Hobbesian Contractarianism
Hobbesian contractarianism grounds morality in the mutually advantageous agreements that rational, self-interested agents would make to escape the destructive conflict of a state of nature.
Definition
Hobbesian contractarianism holds that moral constraints are the principles it would be rational for self-interested agents to agree to and comply with, because mutual acceptance of such constraints makes everyone better off than they would be under unconstrained pursuit of self-interest.
Scope
This topic covers the contractarian tradition that derives moral and political constraints from rational self-interest: Hobbes's account of the state of nature and the covenant, Gauthier's rational-choice reconstruction of morality as constrained maximization, and the central problems of compliance and the moral standing of those unable to contribute. It contrasts this self-interest-based approach with the moral-impartiality basis of contractualism.
Core questions
- Can morality be derived entirely from rational self-interest?
- Why is it rational to comply with an agreed constraint when defection would pay?
- What is the moral standing of those who cannot benefit or threaten the contractors?
- How does the state of nature establish the baseline for fair agreement?
Key theories
- The covenant out of the state of nature
- Hobbes's argument that rational agents in a state of nature, where life is a war of all against all, would covenant to authorize a sovereign and accept moral constraints for the sake of peace and self-preservation.
- Constrained maximization
- Gauthier's thesis that a disposition to comply with mutually advantageous agreements, rather than to maximize utility act by act, is itself the rational disposition for self-interested agents to adopt.
History
Hobbes (1651) gave the foundational statement, deriving political and moral obligation from the rational self-interest of agents seeking to escape the state of nature. Gauthier (1986) reconstructed this project with the tools of rational-choice theory, arguing that constrained maximization is rational, and contemporary contractarians continue to debate compliance and the scope of the moral community.
Debates
- The compliance problem and the Foole
- Hobbes's Foole and the prisoner's dilemma raise the worry that it is rational to agree to constraints but then defect; Gauthier's reply via constrained maximization is widely contested.

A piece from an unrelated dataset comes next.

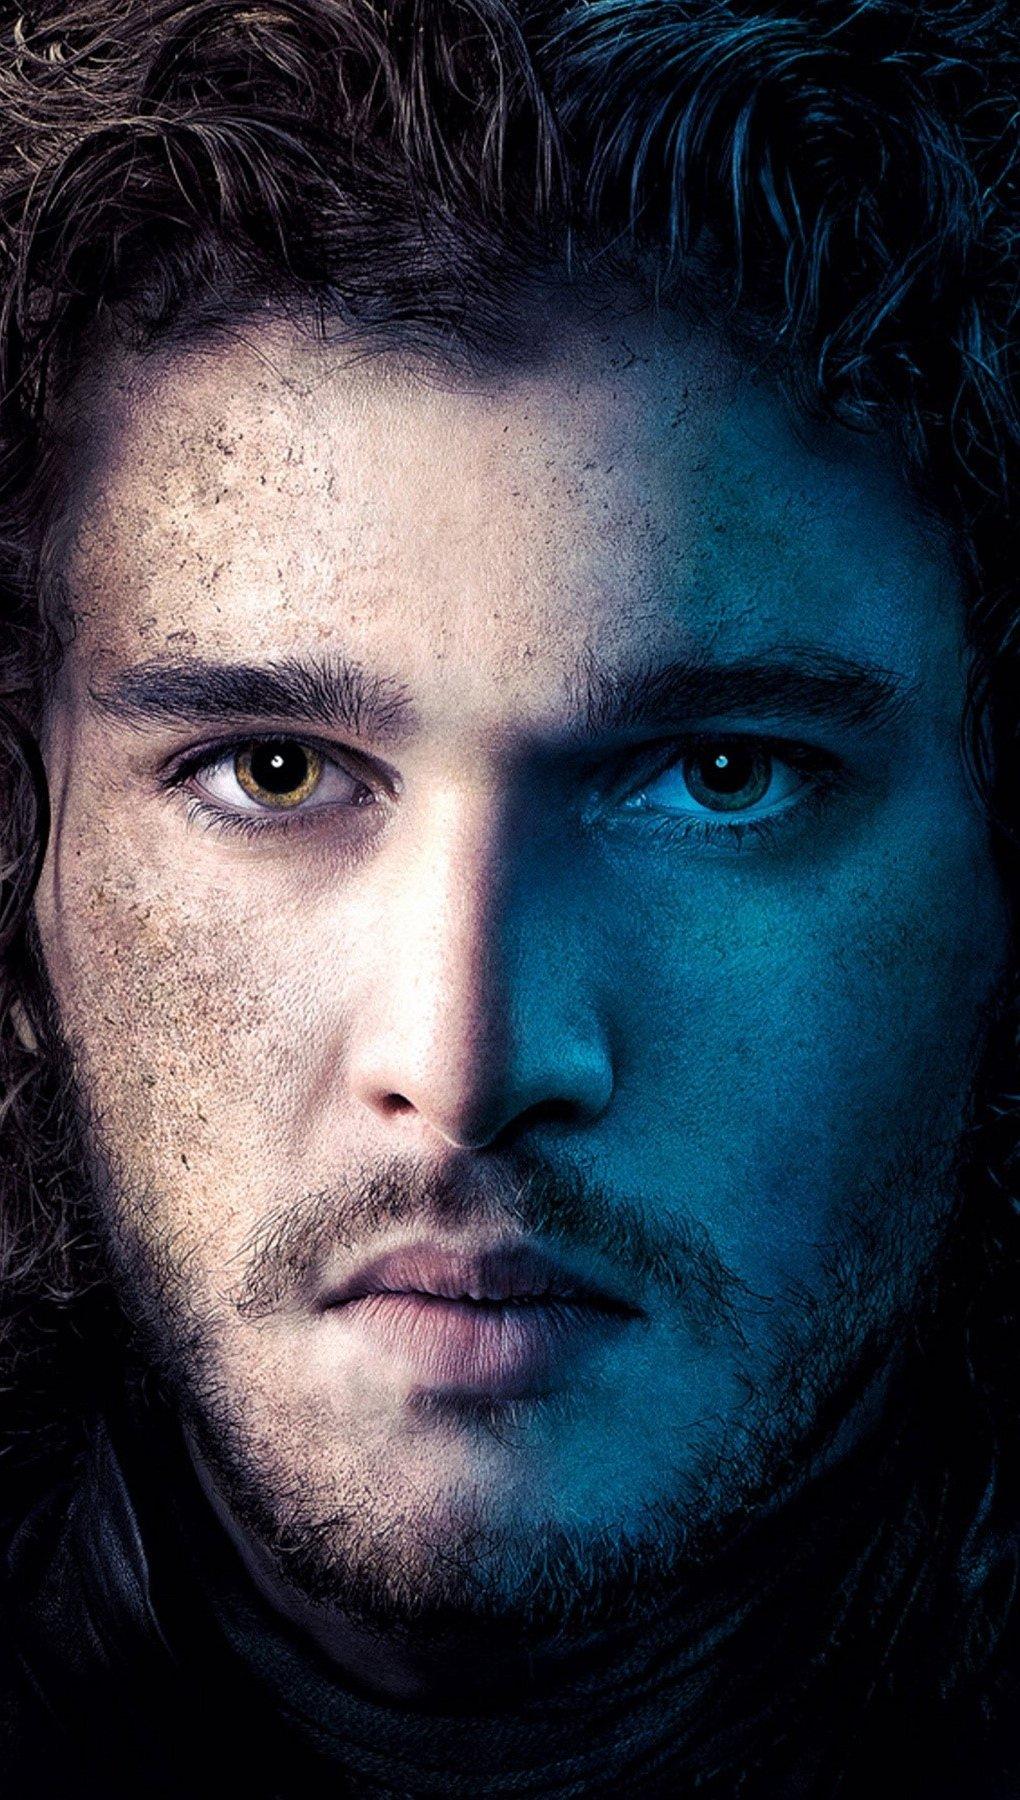 Wallpaper Jon Snow of Game of Thrones Vertical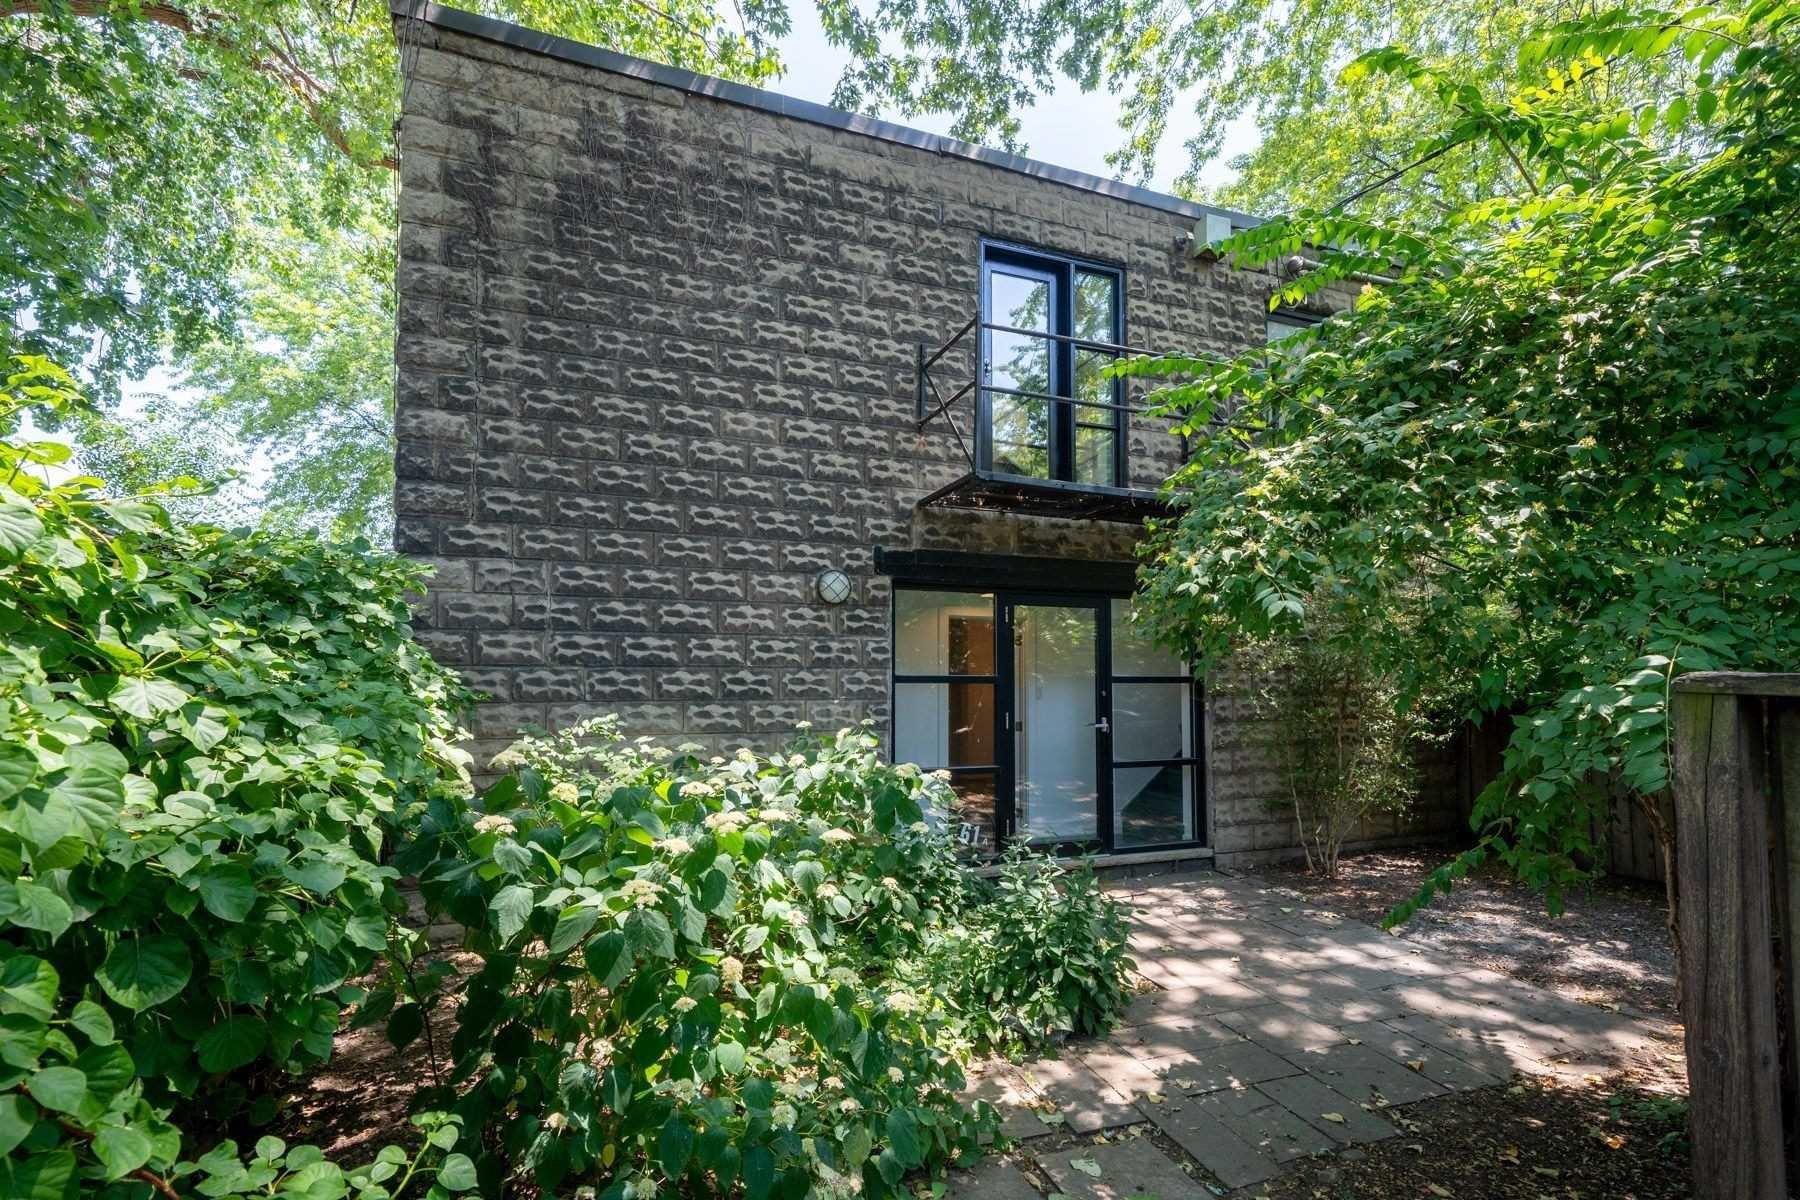 Main Photo: 61A Morse Street in Toronto: South Riverdale House (2-Storey) for sale (Toronto E01)  : MLS®# E4828108

- The exclusion of the vulnerable
- Because the contract rests on mutual advantage, those unable to benefit or harm the contractors, such as severely disabled people, non-human animals, and future generations, appear to fall outside morality's protection.
Key figures
- Thomas Hobbes
- David Gauthier
- Jan Narveson
- Gilbert Harman
Related topics
Seminal works
- hobbes1651
- gauthier1986
Frequently asked questions
- How does contractarianism differ from contractualism?
- Contractarianism grounds morality in the agreements rational self-interested agents would make for mutual advantage, while contractualism grounds it in principles no one could reasonably reject, appealing to a moral concern to justify oneself to others rather than to self-interest.
- What is the compliance problem?
- It is the difficulty of explaining why a rational self-interested agent should keep an agreement when breaking it would be more advantageous; Gauthier answers that adopting a stable disposition to comply is itself rational.